22C:21 Computer Science II: Study Guide for Final
The final is open notes/book. It is from 2:15-4:15 in
Room 1505 SC (our classroom) on Monday, 5/8.
For the final you should read (i) your notes from lectures
and discussion sections, (ii) problem sets and their solutions,
(iii) projects and their solutions,
(iv) sample code, (v) relevant material from the textbook, and
(vi) Lafore's code.
From the text book read: Chapter 4 (exluding the material on
parsing arithmetic expressions), Chapter 6, Chapter 7 (excluding
the material on radix sort), Chapter 8 (excluding the material
on Huffman codes), Chapter 12, Chapter 13
(only pages 615-642), Chapter 14 (only pages 687-707).
The final exam is comprehensive in the sense that material covered
before the midterm such as running time analysis, linked lists,
etc. will be quite relevant.
However, the focus will be on material covered after the midterm.
A detailed list of these topics is below.
Specific topics, that the final covers, are:
- Adjacency list representation of graphs: how to
implement the methods addEdge, deleteEdge,
deleteVertex, etc. of the myGraph class
if we change the underlying representation from an adjacency
matrix representation to an adjacency list representation;
determining the running times of these methods as a function
of the number of vertices and the number of edges in the graph;
comparing these running times with corresponding running times
in the adjacency matrix implementation.
A bit of this is covered in Chapter 13 on Graphs.
- Simple examples of recursion: computing Fibonacci numbers,
linear search, binary search, etc.

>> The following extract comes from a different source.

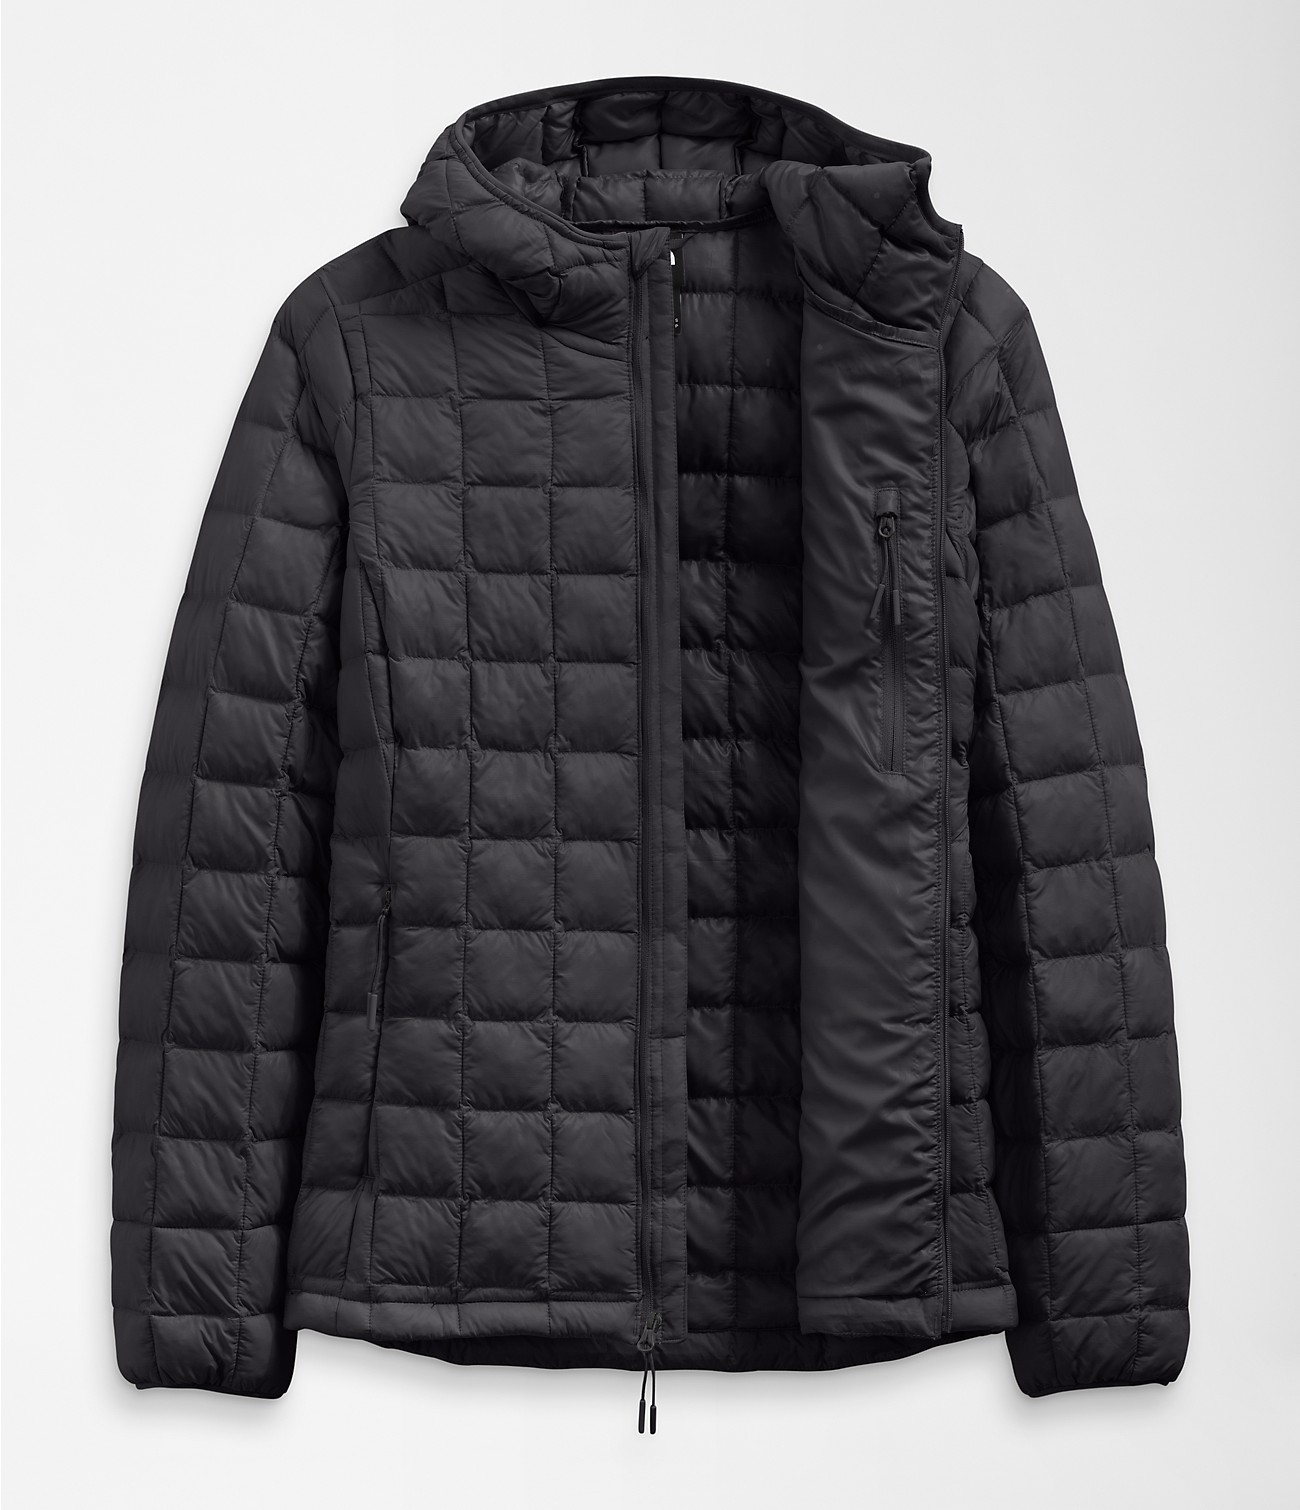 Unlock Wilderness' choice in the North Face Vs Tommy Hilfiger comparison, the ThermoBall™ Eco Hoodie 2.0 by The North Face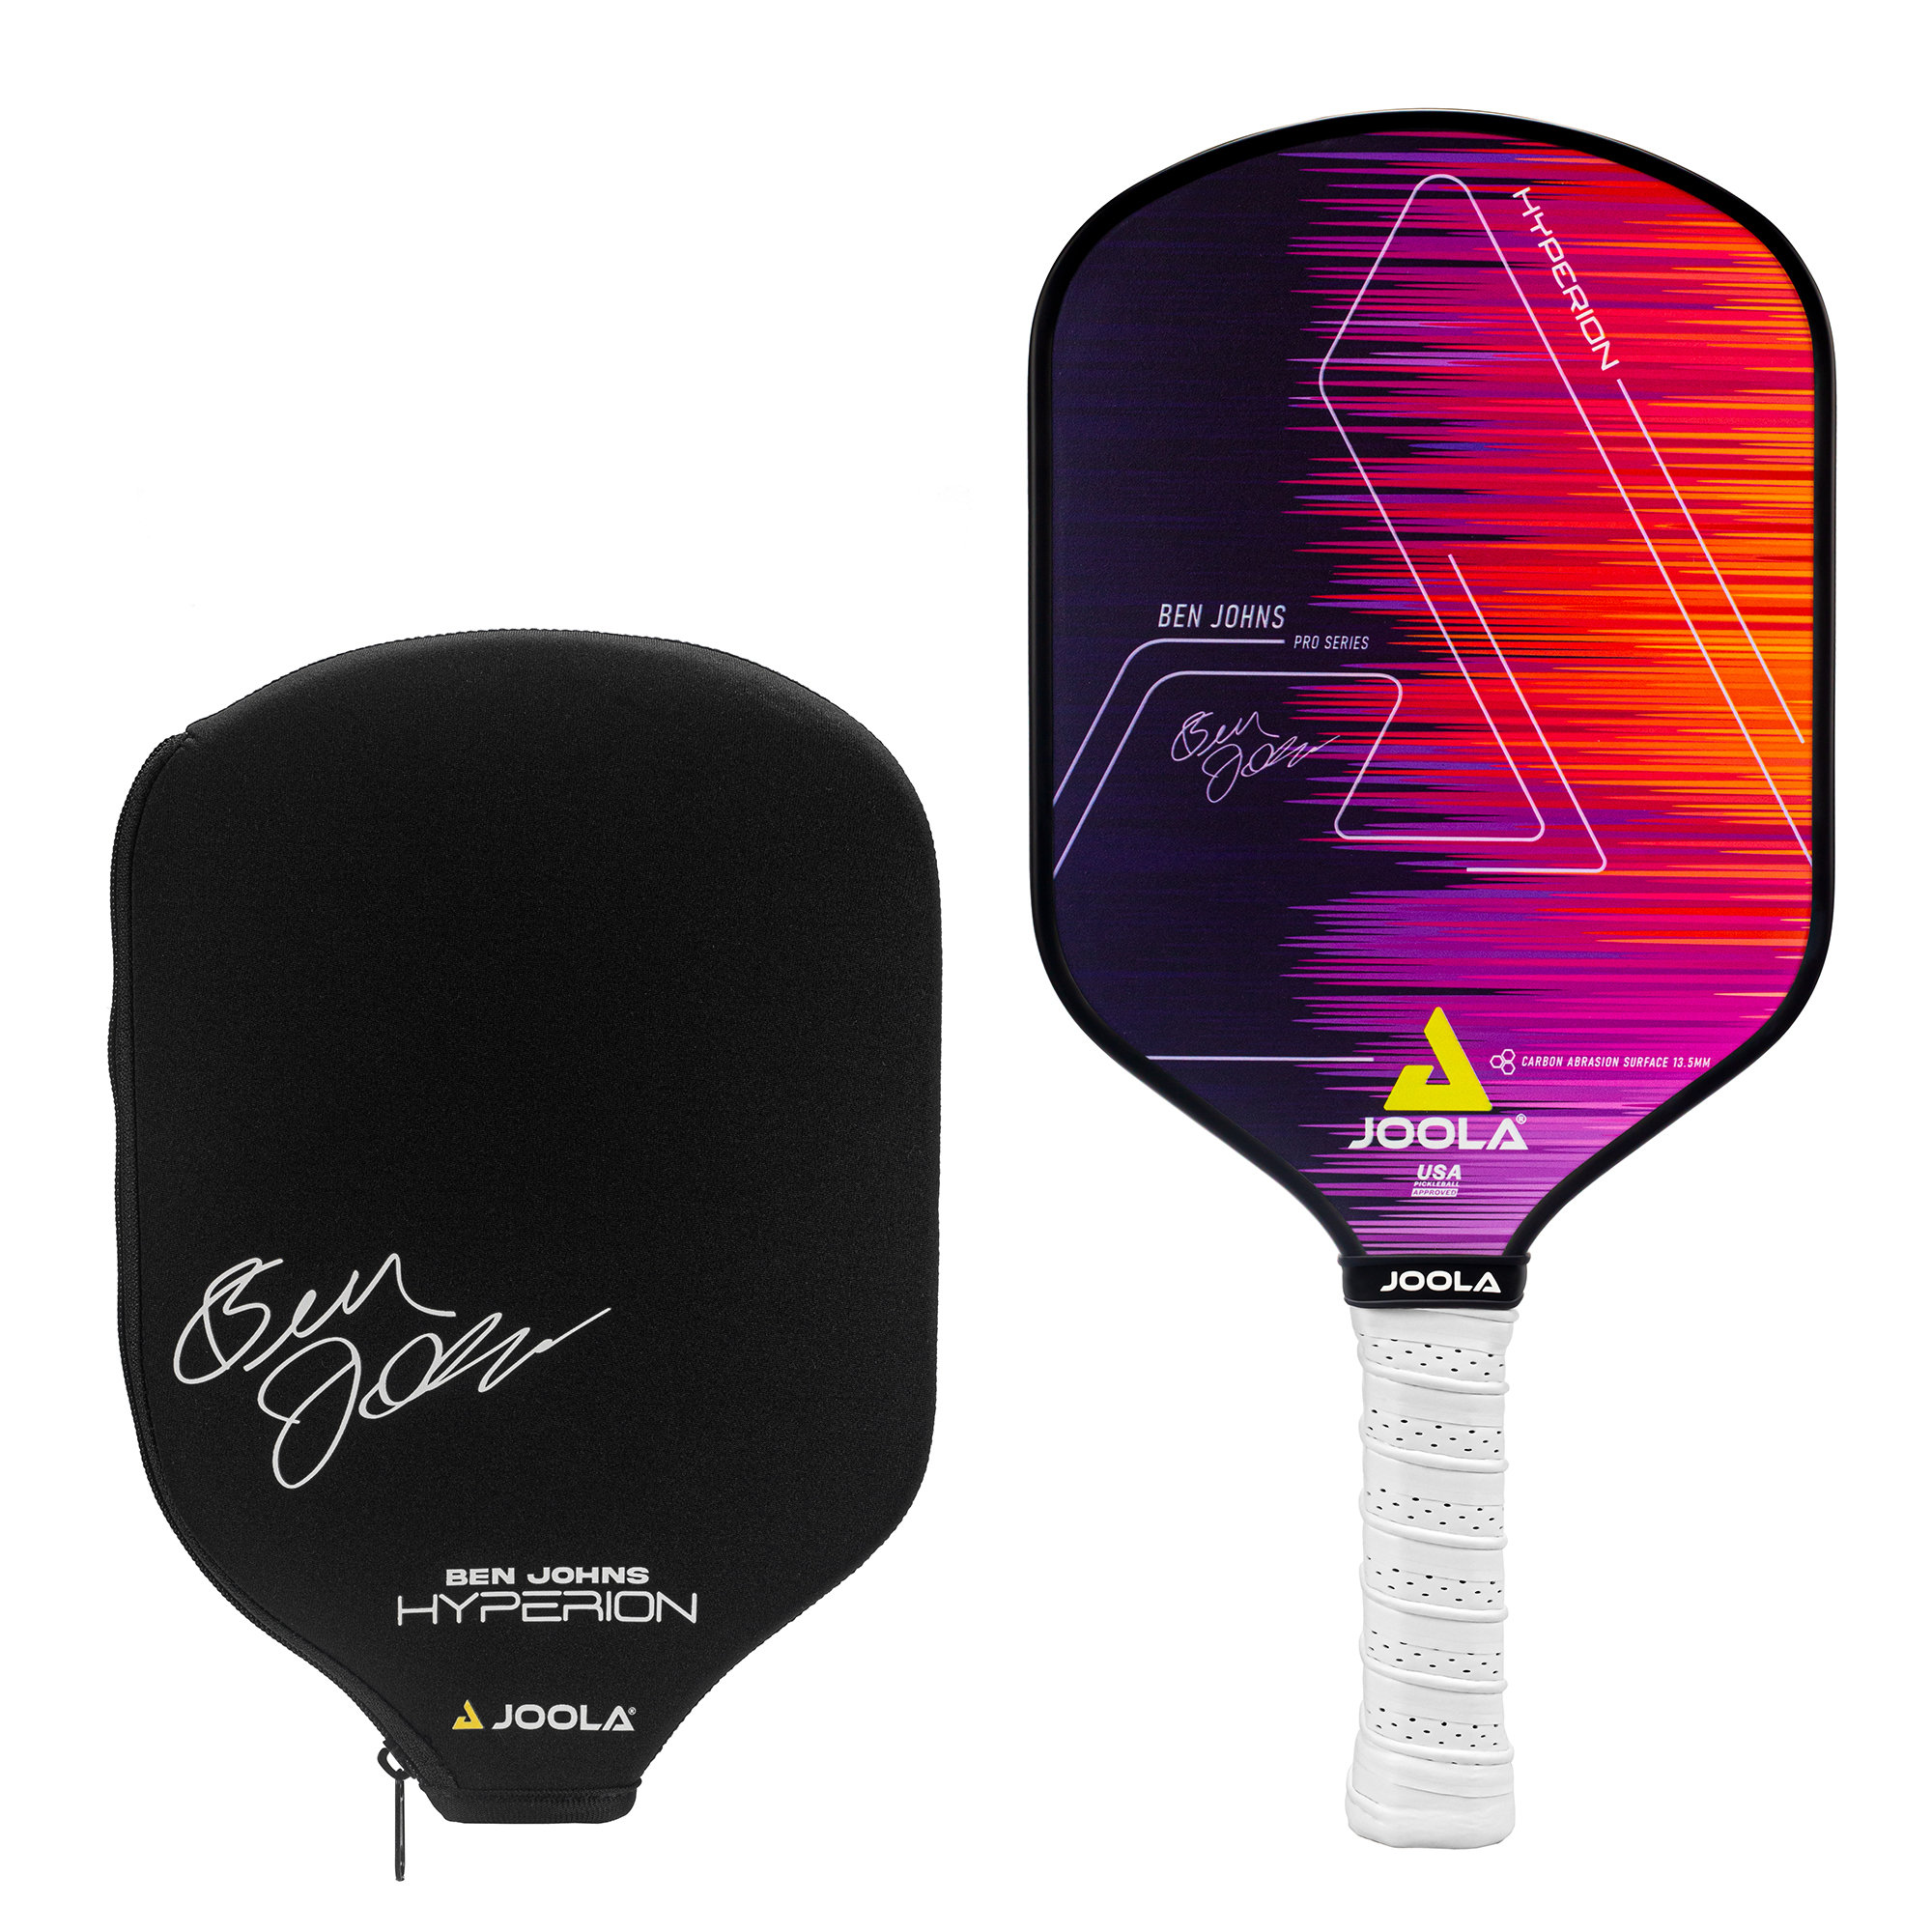 JOOLA Ben Johns Hyperion Carbon Abrasion Surface 13.5 Pickleball Paddle -  Includes Paddle Cover

Drawing recursion trees that show the
execution of recursive algorithms.
- Implementing divide-and-conquer sorting algorithms using recursion:
mergeSort and quickSort, the merge function
and the partition function, and running time analysis of these
improving the running time of quickSort by using median-of-three
rule and randomization;
the recursive solution to the Towers of Hanoi problem.
Chapters 6 and 7.
- Implementing backtracking using recursion:
the knapsack problem and its solution,
the Queens problem and its solution, and
depth first traversal.
Chapters 6 and 13.
- The Stack ADT and the connection between recursion and stacks:
activation records and the system stack; translating recursive functions
into equivalent functions that make explicit use of the stack;
examples such as: the stack based fibonacci function and the
stack based solution to the Towers of Hanoi problem.
Chapters 4 and 6.
- The Queue ADT and implementing breadth-first search:
different implementations of the Queue ADT, application of the
Queue ADT to breadth first search, and computation of the breadth first search
Chapters 4 and 13.
- The PriorityQueue ADT and binary heaps:
what a binary heap is and
how the PriorityQueue ADT is implemented by a binary heap,
implementation of a binary heap using an array,
the running times of binary heap operations.
- Heap Sort and Dijkstra's shortest path algorithm:
using a binary heap to sort in O(n log n) time;
Dijkstra's shortest path algorithm and its two implementations:
one that runs in O(n^2) and the other (based on binary heaps)
that runs in O((m+n) log n) time.
Chapters 12 and 14.
- Skip lists:
how skip lists generalize the notion of linear lists, what role
randomization plays, implementation of the skip list operations.
Problem Set 12 and the links therein.
- Binary Search trees:
what a binary search tree is, the implementation of the three binary
search tree operations, and their running time.
The final contains 5 problems, each worth 40 points.